00:02:08.960 | models are all the same for each one of these tasks. The difference is the prompts themselves.

00:02:15.120 | Now what do these prompts look like? Well we can typically break them apart into a few components.

00:02:21.680 | So we have the instructions of a prompt, any external information or we can also call these

00:02:28.800 | contexts quite commonly as well. We would also have the user input or a query and we can also

00:02:36.720 | prime our prompt with what we call an output indicator and this is usually just a little word

00:02:42.640 | at the end. Now not all prompts require all of these components but often a good prompt will

00:02:48.560 | use one or more of them. So starting with instructions. Instructions tell the model

00:02:54.480 | what to do and this is a very key part of more instruction based models like OpenAI's

00:03:02.240 | Text DaVinci 003 and through these instructions we try to define what we would like the model to do

00:03:09.520 | and that means how it should use some inputs and how it should format outputs and what it should

00:03:15.520 | consider whilst it's going through that process and we would always put these instructions at

00:03:20.560 | the very top of our prompt. I'll explain a little bit more about that pretty soon. Following this

00:03:25.920 | we have our external information or contexts and these are additional parts of information that we

00:03:32.960 | feed into the model via the prompt. These can be things that we manually insert into the prompt,

00:03:39.920 | information that we pull in through a long-term memory component, a vector database or we get it

00:03:46.880 | through other means like a web search API or a calculator API, something along those lines.
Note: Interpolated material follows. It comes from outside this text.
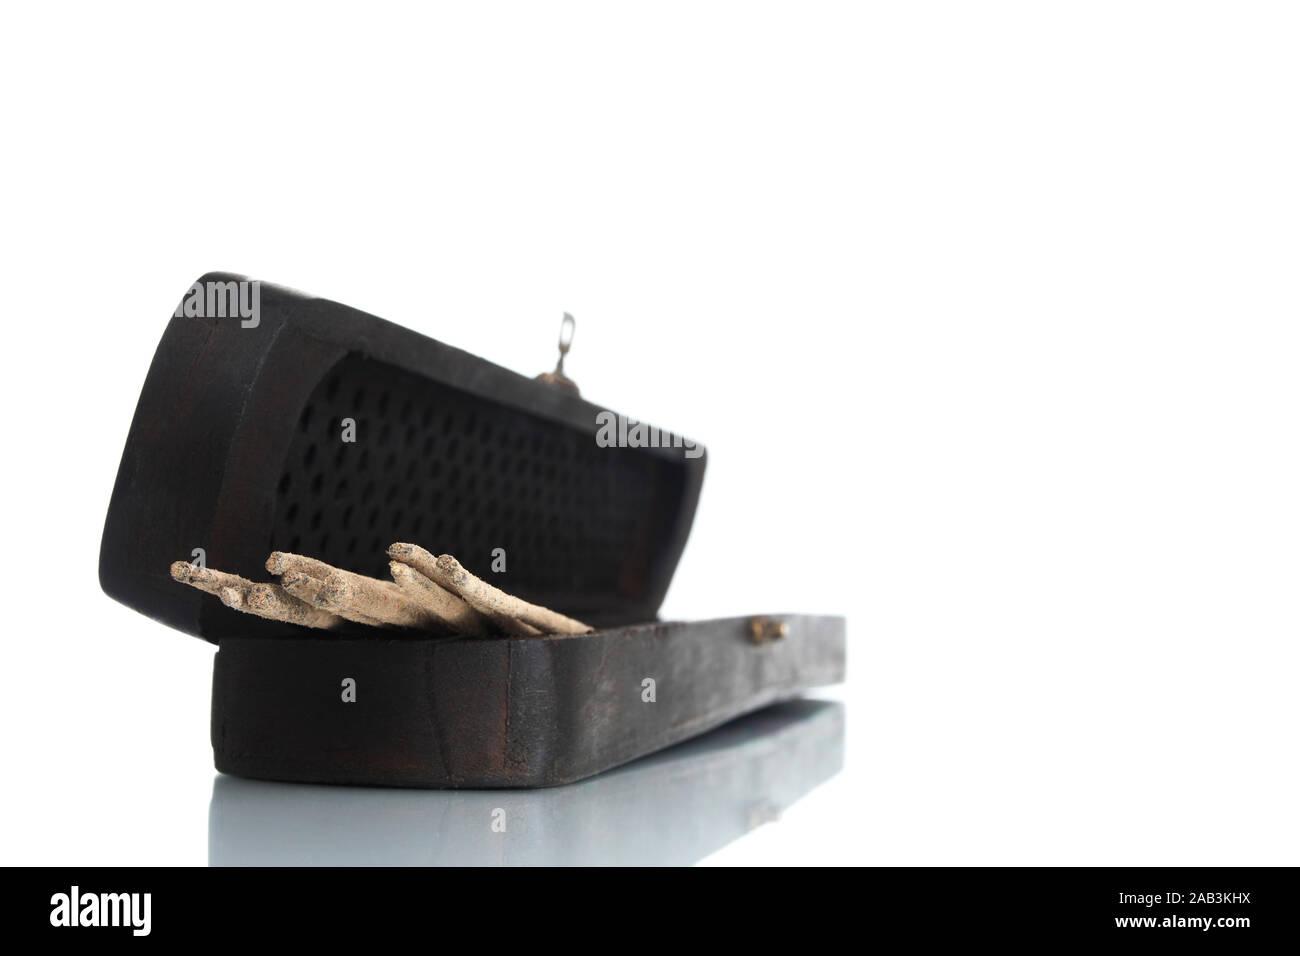 Holzkästchen mit Räucherstäbchen Stock Photo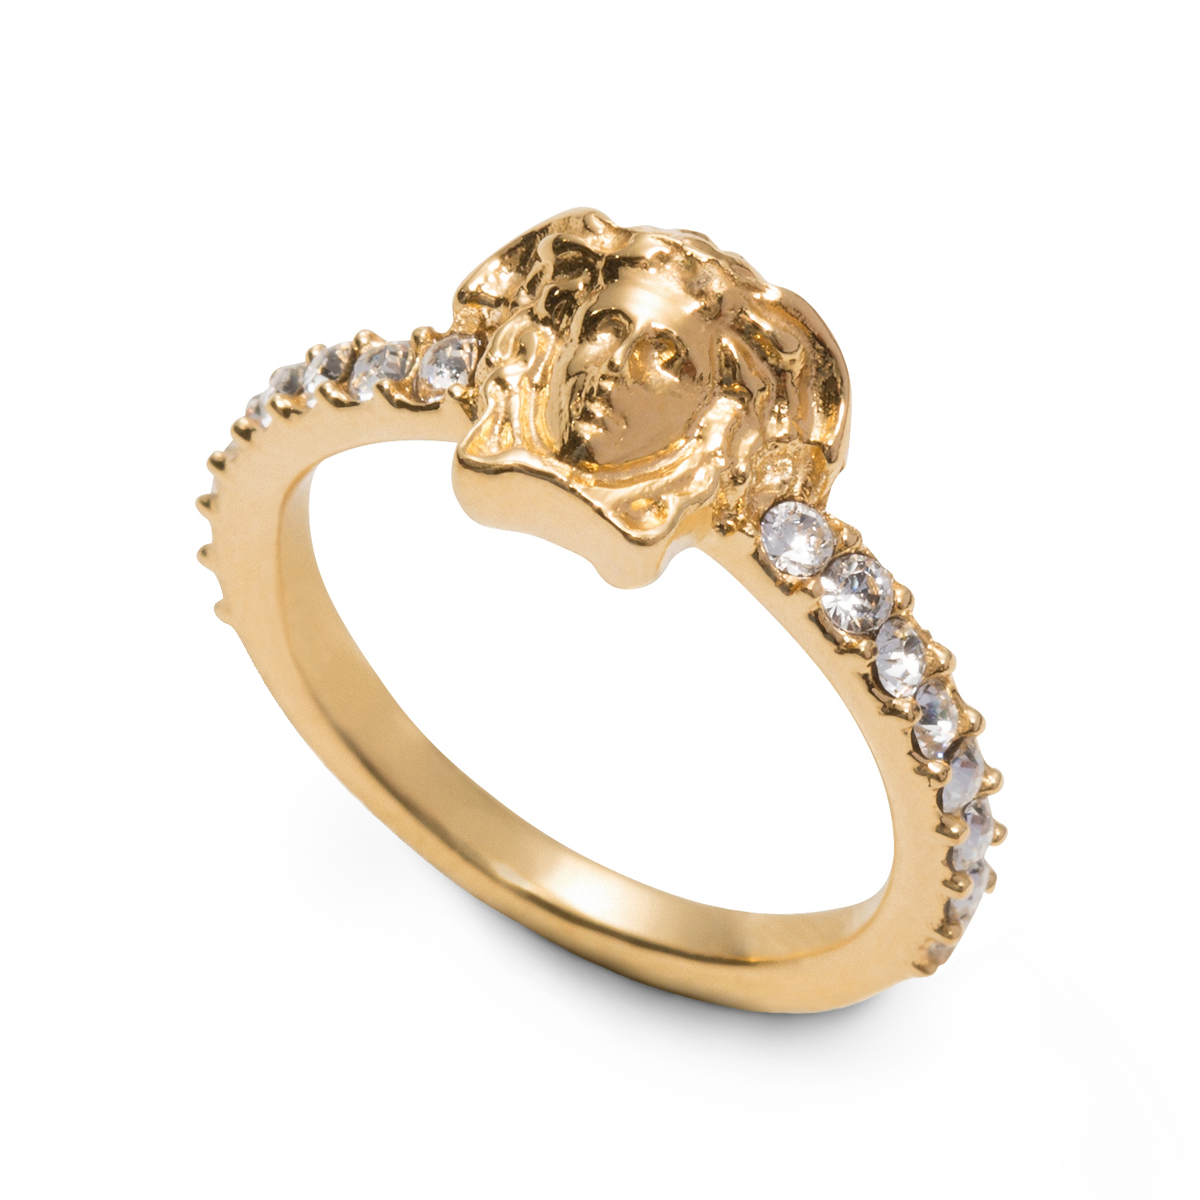 Luxurious treat medusa band ring with swarovski crystal details

00:03:53.120 | Following that we have our user input. Now that's pretty obvious that's just the input from a

00:03:58.480 | particular user. It depends on what you're doing like if you have a text summarization use case

00:04:04.160 | they might input a two-page chunk of text and we might want to summarize that into a paragraph

00:04:10.400 | or on the other side maybe it's a question answering tool and in that case the user might

00:04:16.000 | just type in a few words and question mark and that is their question, that is their user input.

00:04:21.520 | So of course that can vary as well. Then finally we have our output indicator this is essentially

00:04:28.320 | the start of what we would like the model to begin generating. So it is it's kind of like a way of

00:04:34.560 | indicating to the model hey okay now it's time for you to start you know writing something and

00:04:39.440 | I want you to start writing something based on this first little chunk of text. So a good example

00:04:46.480 | or very clear example at least in my view is when you have code generation model you want it to

00:04:52.160 | generate python code you know you give instructions to do so then your output indicator will just be

00:04:57.680 | the word import all in lowercase because most python scripts will actually begin with the word

00:05:04.880 | import because you're going to be importing your libraries like import numpy and so on.

00:05:09.840 | On the other hand if you were building like a conversational chatbot this output indicator

00:05:16.560 | might be like the name of the chatbot followed by a colon as if you're sort of in a chat log.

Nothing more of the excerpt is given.